My education is in science and engineering which includes very little of "respect for the establishment", "uniformity" or "limitations" (except occasionally when you're trying to keep your job ).  The most respect you get (in my field) is from thinking outside the box, doing something new and, most importantly, doing something that benefits humanity.  I met an industrial design student once, fascinating person and brilliant artist.  His motivation for projects differed from mine only in the weight given to aesthetics.

Blame schools then?  Probably not a good idea.  It's always been my opinion that blame is the first thing in the way of solving a problem.  I could write several thousand pages on solving the school issue.

The whole Che Guevara shirt thing has been the butt of many of my jokes.  You gonna ruin that for me ?  Also, I'm not sure if that says as much about education as it does about social psychology .  Most of those kids couldn't name a single supreme court justice.


TheMailMan78 said:


> Today all you hear is "I can't do this because no one else has." from our youth. Why? Because schools teach above everything else respect for the establishment. School uniforms, mandatory reading etc etc. Nothing that will make them think there is something more in life. Something that they can do to change things.


I've never professionally taught but I've certainly done my fair share of informal teaching and I find I'm most successful when I teach someone to fish in a stream, and then I show them the ocean.  The fact is that many people will be scared of the ocean, and I'm not going to force them to see it through my eyes, which have a sort of Carl Sagan-esque fearless optimism.

_I can only show you the door. You're the one that has to walk through it._


----------



## Funtoss (Jul 3, 2011)

Deserts are useful!


----------



## Iceni (Jul 3, 2011)

I fail to see what part of his original intention was truly thinking outside the box if you look at it from his art idea. 

Firstly he fails with the intervention of a computer and precision made equipment. There is nothing natural about the computer, or the machine. 

The end product still falls into the modern day aesthetic of what the original programming was. The bowl is still a bowl, the arty farty sculpture is still an arty farty sculpture. it was programmed by a man in a chair sat at a desk probably on some real world industrial program like catia. 

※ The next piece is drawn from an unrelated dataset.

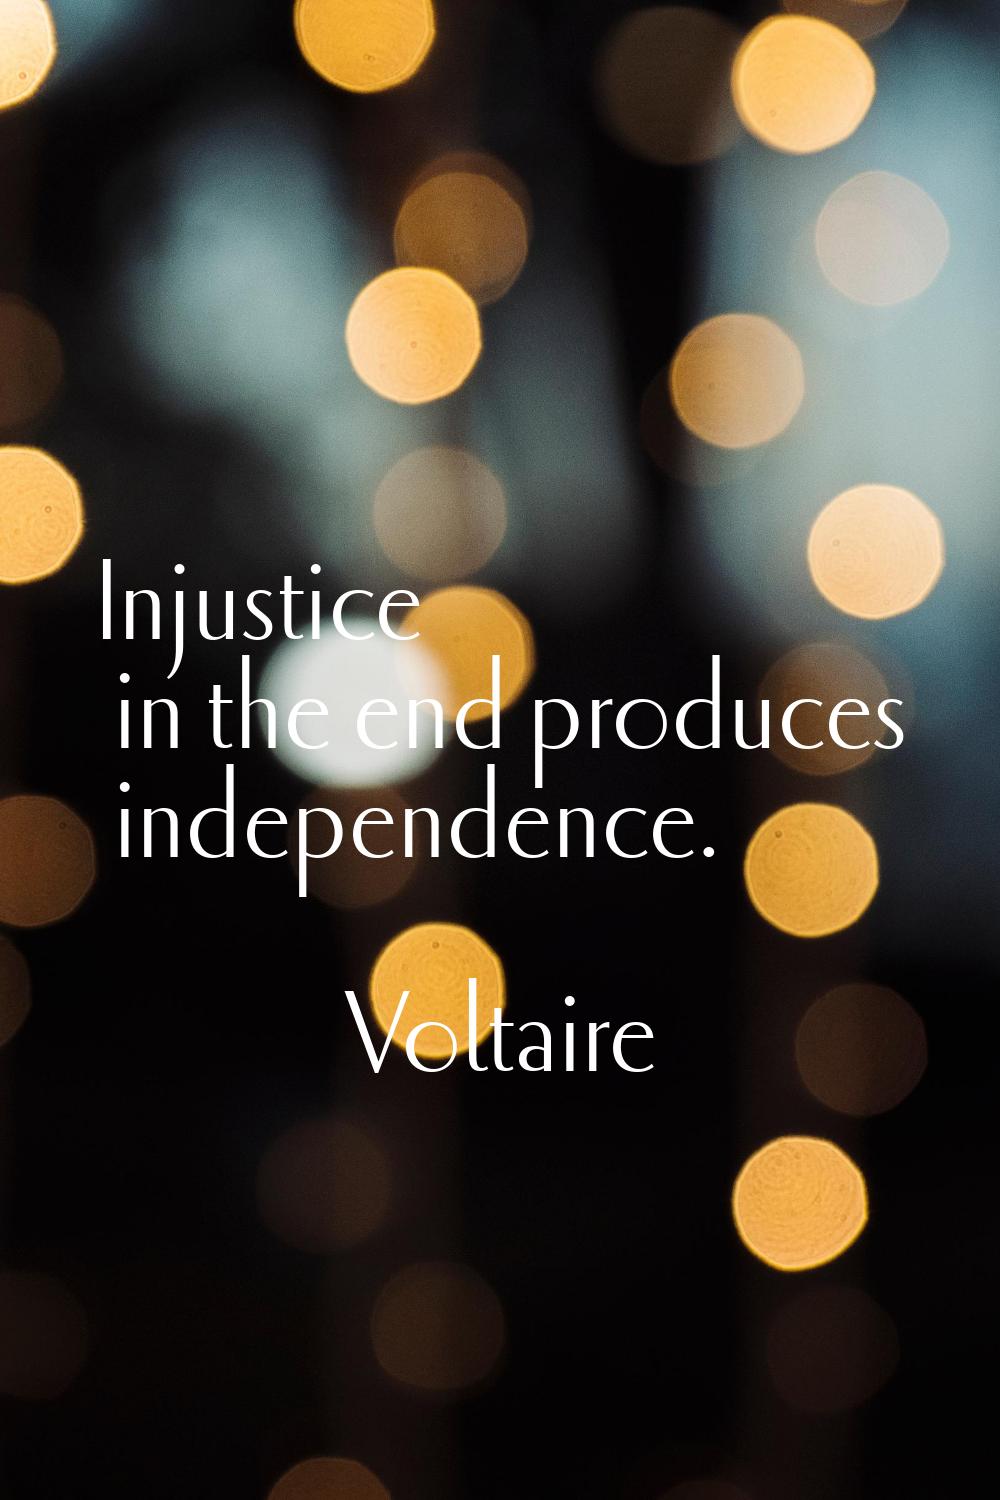 Injustice in the end produces independence.

so all that's left to be natural is the idea and the material. Well sand is both natural and inconsistent, that makes the grade, But he has to manually intervene in the layering process. So while each layer is natural the thickness of the layer is man made, not only that it's a controllable variable.

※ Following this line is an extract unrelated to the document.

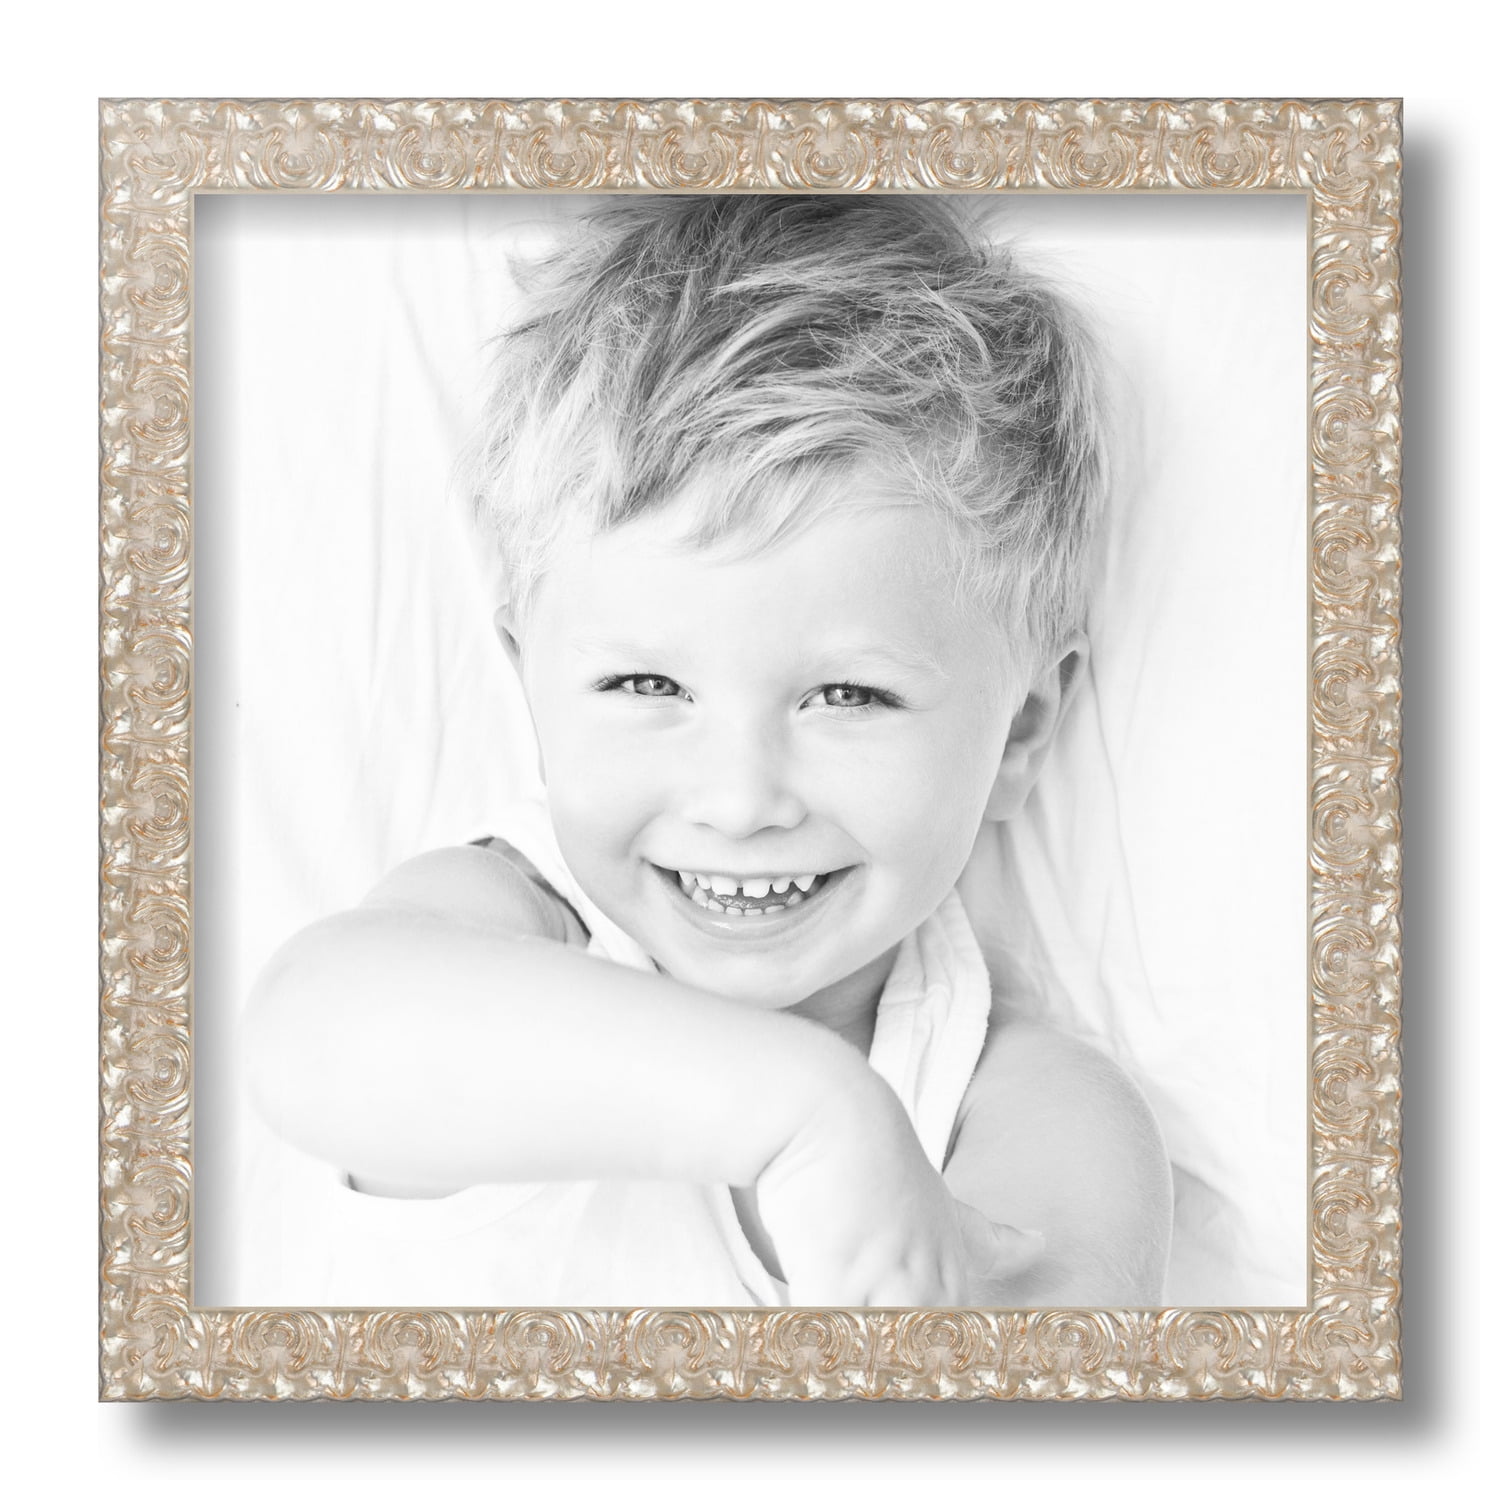 ArtToFrames 12x12 Inch Silver Thin Picture Frame, This Silver Wood Poster  Frame is Great for Your Art or Photos, Comes with Regular Glass (4904)

All of that aside the project has the real world potential that he himself has expressed in his work. Is the project about a finished piece of art? i don't think that's the idea, The project is to use nature. Here the project fails as art. There's too much in the way of human/tech involvement to say the project has a natural origin. Had he just been leaving the sinter in the desert to run for a few hours without the involvement of the tech then he would have created natural art, The lack of human intervention just pulling the blob of glass out of the earth and sticking it on a podium would lend itself well to this.

also did you read his website?? 

Quote from the page on the solar sinter.



> In a world increasingly concerned with questions of energy production and raw material shortages, this project explores the potential of desert manufacturing, where energy and material occur in abundance.
> 
> In this experiment sunlight and sand are used as raw energy and material to produce glass objects using a 3D printing process, that combines natural energy and material with high-tech production technology.
> 
> Solar-sintering aims to raise questions about the future of manufacturing and triggers dreams of the full utilisation of the production potential of the world’s most efficient energy resource - the sun. Whilst not providing definitive answers, this experiment aims to provide a point of departure for fresh thinking.



linked from http://www.markuskayser.com/

the guy as actually looking at real world potential, Not art. My OP was well on topic.



> Fuck leave it up to a tech forum to look at a master oil painting and worry about "What kind of paint is he using?" instead of "What is he painting?"



lol the sinter is supposed to be a useful idea, application is one of the goals, Not just aesthetics.


----------